TASK STATEMENT: Repeat the data that follows verbatim. Images are not part of the copy.

GIVEN MATERIAL:
- Opening Delimiter -

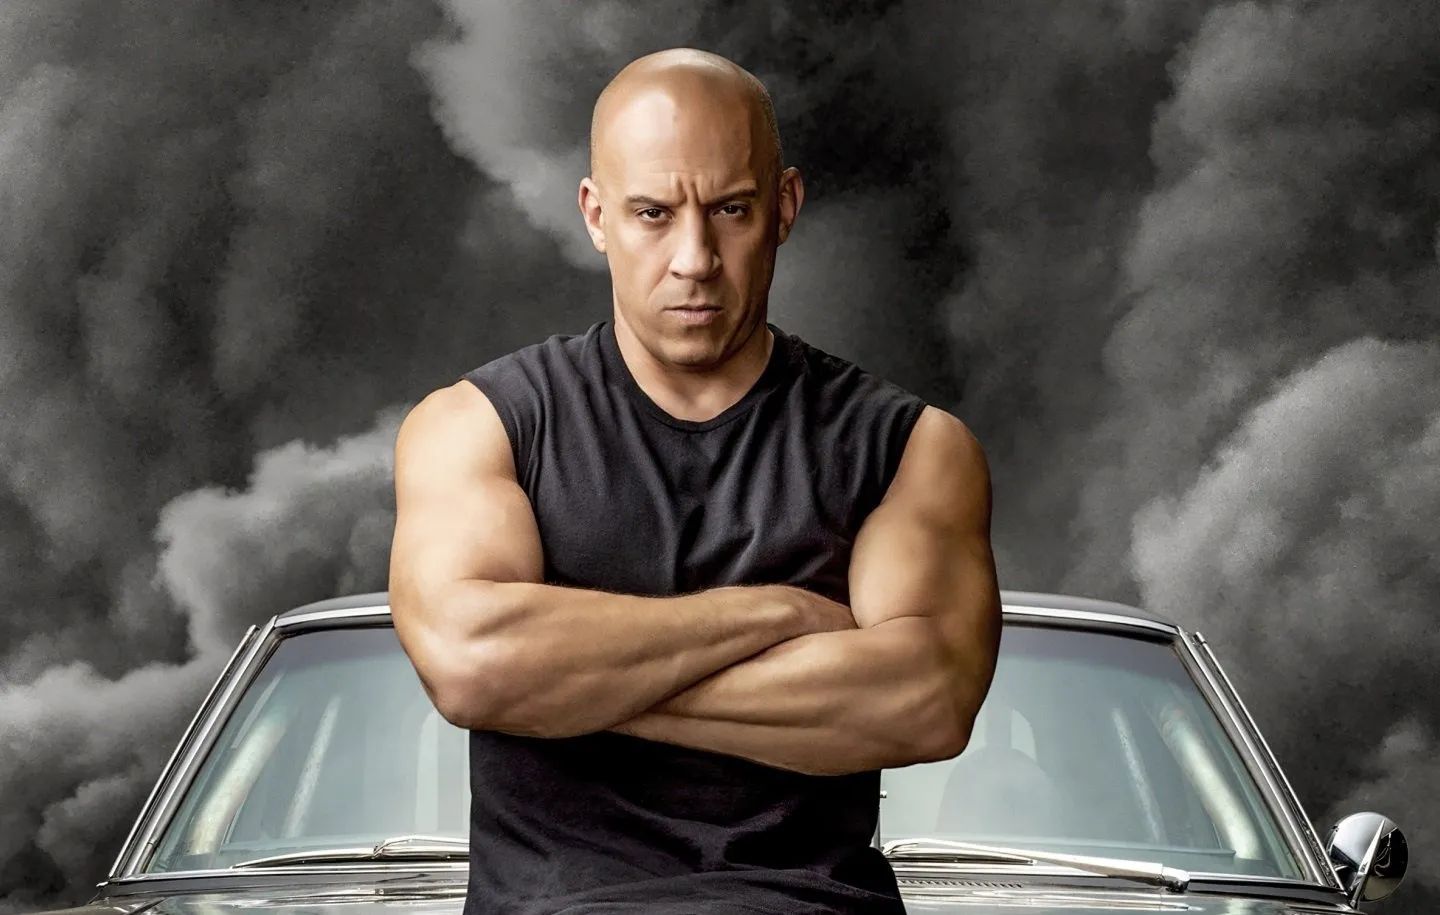 Vin Diesel from Fast and Furious accused of sexual abuse He denies the charges - Gossibox.com
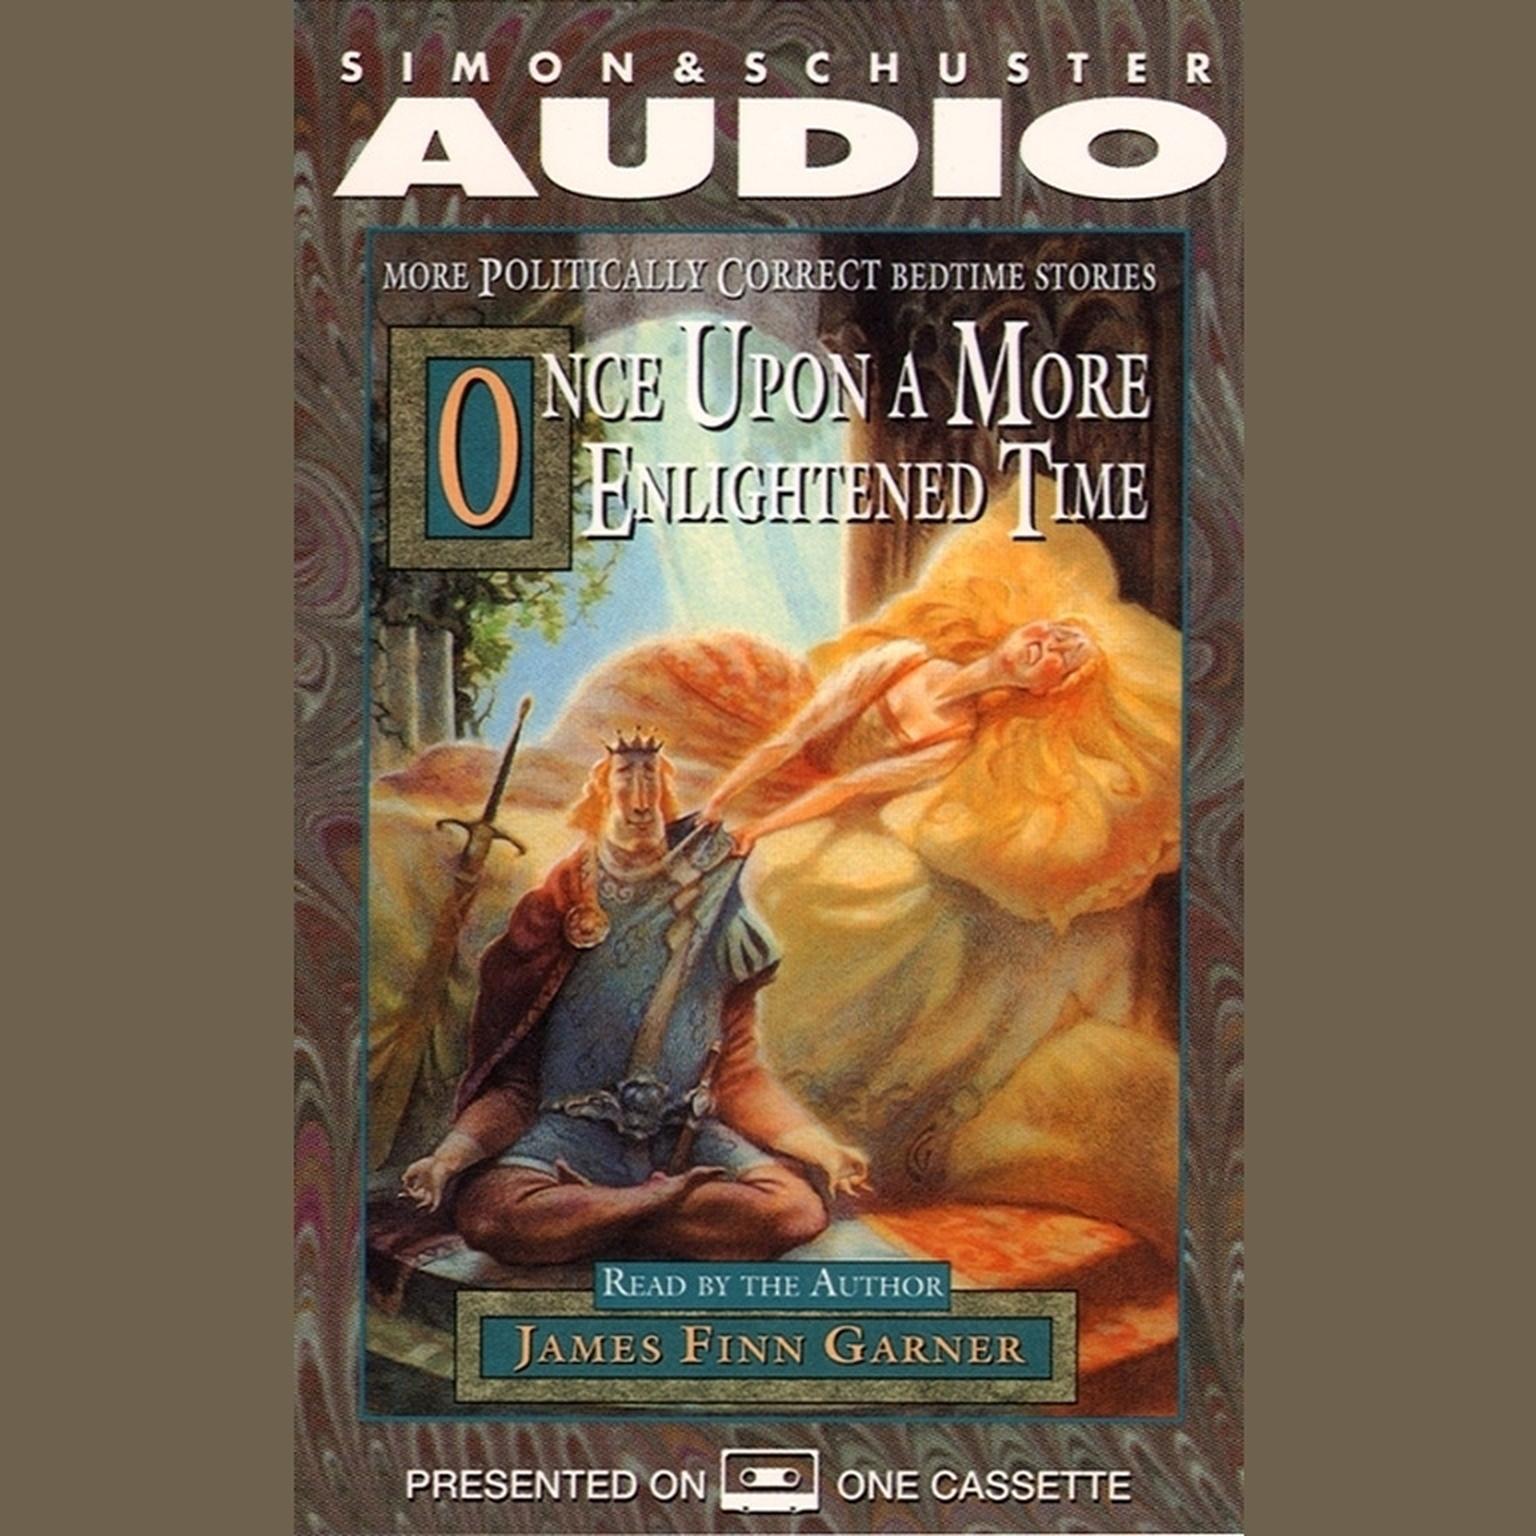 Once upon a More Enlightened Time (Abridged): More Politically Correct Bedtime Stories Audiobook, by James Finn Garner
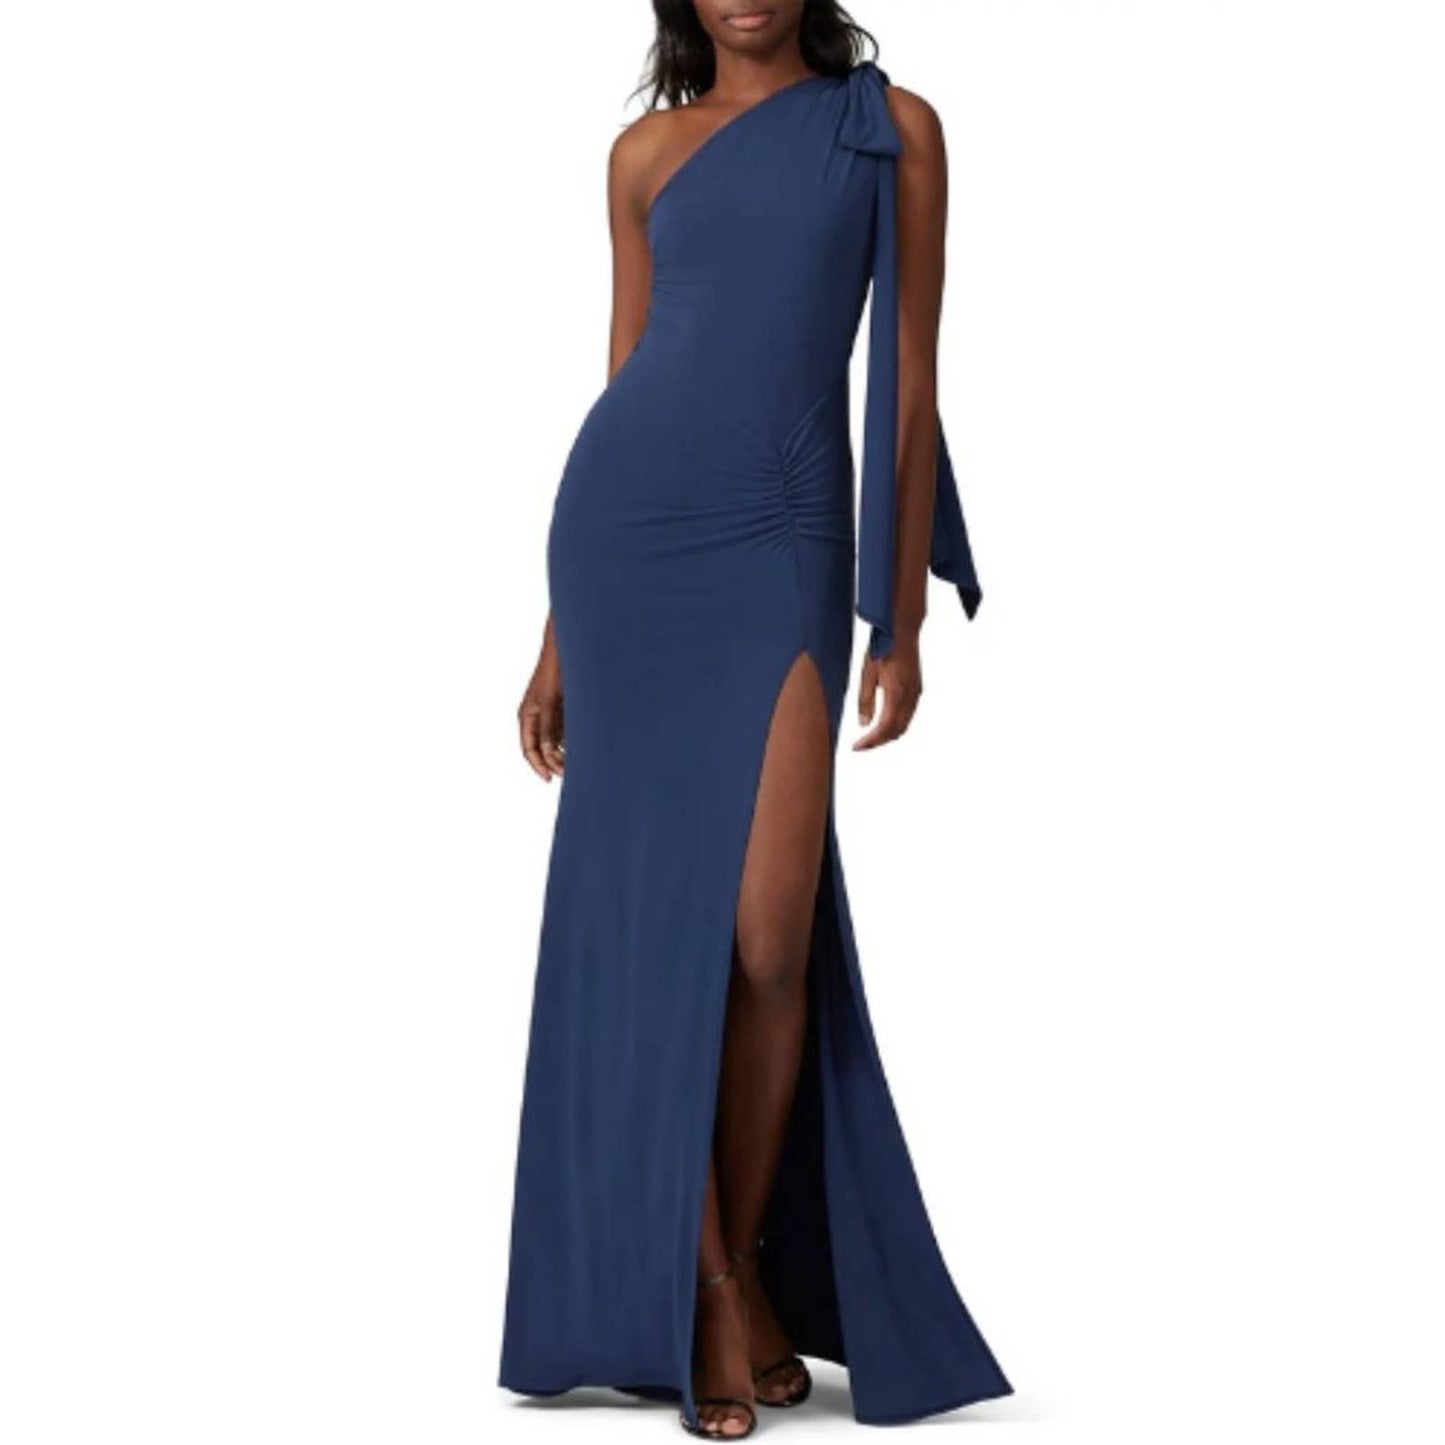 Katie May Attention Seeker Gown in Blue Size Small

- Closing Delimiter -

RESPONSE TO THIS TASK:
 Vin Diesel from Fast and Furious accused of sexual abuse He denies the charges - Gossibox.com
 Once upon a More Enlightened Time (Abridged): More Politically Correct Bedtime Stories Audiobook, by James Finn Garner
 Katie May Attention Seeker Gown in Blue Size Small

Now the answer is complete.